Dr. Kenneth Mann, Bedford Institute of Oceanography
Born in England, Mann began his career at the University of Reading as a freshwater ecologist. From the early 1950s to mid 1960s he published 31 papers on freshwater ecology. During that time, I became aware of the emerging ideas about ecosystem function, Mann wrote in a 1994 biographical essay. It seemed a wholly new way of looking at the world, and one that held the possibility of leading to predictions about the consequences of human perturbations. In 1967, Mann emigrated to Canada and became a government scientist with the Bedford Institute of Oceanography (BIO). He later served as the chair of the Department of Biology at Dalhousie University and director of the Marine Ecology Laboratory at BIO. In 1987, he became a full-time research scientist in the Habitat Ecology Division. While he retired in 1993, Mann remains active in university and government affairs. His published work includes Ecology of Coastal Waters: Implications for Management, and with R.S.K. Barnes, Fundamentals of Aquatic Ecosystems. He is working on a 3rd edition of Dynamics of Marine Ecosystems. Mann writes that his career gave him the opportunity to express, a sense of the wonder and beauty of living organisms and a perception that the universe embodies a great wisdom, of which we may now and then catch a glimpse in the form of some regularity, scientific generalization, or even a law.
Thomas S. Squiers
Squiers served as the lead biologist for the Edwards Dam removal and has led a number of projects within the Kennebec and Androscoggin watersheds. Among his most notable accomplishments: years of work restoring alewife pools in the Sebasticook River and groundbreaking research on the short-nosed strugeon that revealed extensive information on their population, age structure, recruitment, growth rate and reproductive success. In recent years, Squiers coordinated the Guilford Dam removal on the Sebasticook and the installation of fish passages along the river. As for the future, Squiers hopes to see the Sebasticook fully restored either through fishways or the removal of remaining dams. While it will take years to bring fish populations back to what they were more than a century ago, he said, he is pleased the era of river restoration has gained public support. He adds: Everyone who was a critic of the Edwards Dam removal is now saying, well, maybe thats not such a bad idea.

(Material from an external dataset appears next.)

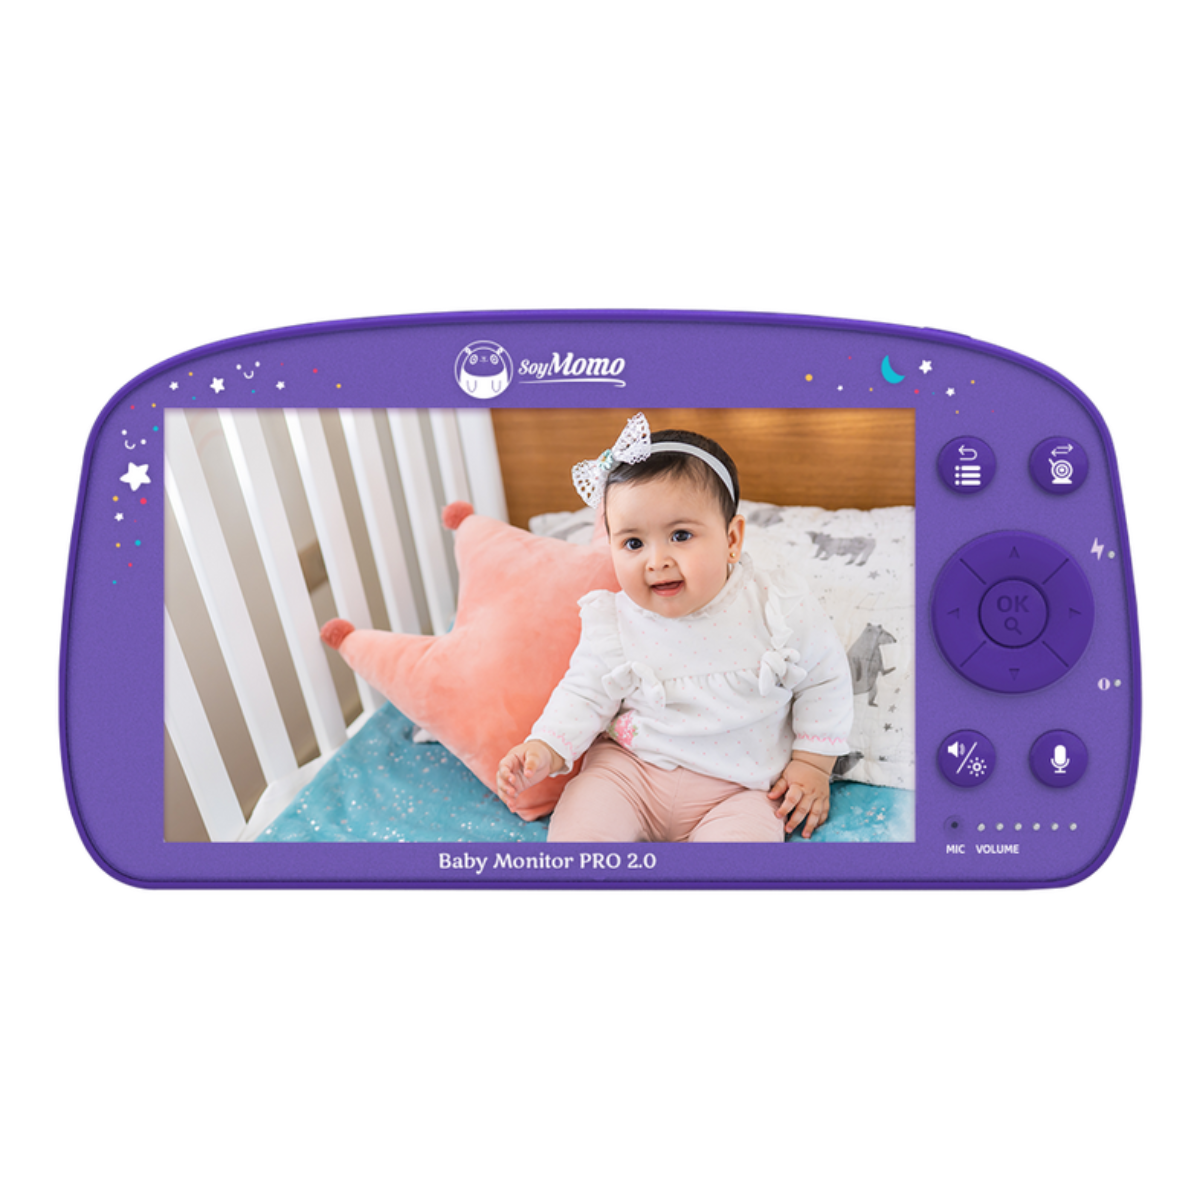 Pro Babyphone Baby Monitor SOYMOMO 2.0

Big Salmon River Angling Association
Over the years, the association has conducted extensive water monitoring programs in the Big Salmon River involving several sites. The most recent surveys for water chemistry, benthic macroinvertebrates and fish indicate the river remains in a relatively pristine state. BSRAA members, Almon says,
are just conservationists who are working together to save the
Big Salmon River. In another project, BSRAA is working with the Mactaquac Biodiversity Centre to set out salmon eggs grown from wild brood stock into the Big Salmon. To raise money, educate and build community support, BSRAA hosts several fundraising events each year. Each fundraiser aims to educate and build community support. "We do everything as a family," Almon says, "and always have fun throughout learning and working to conserve and protect the river."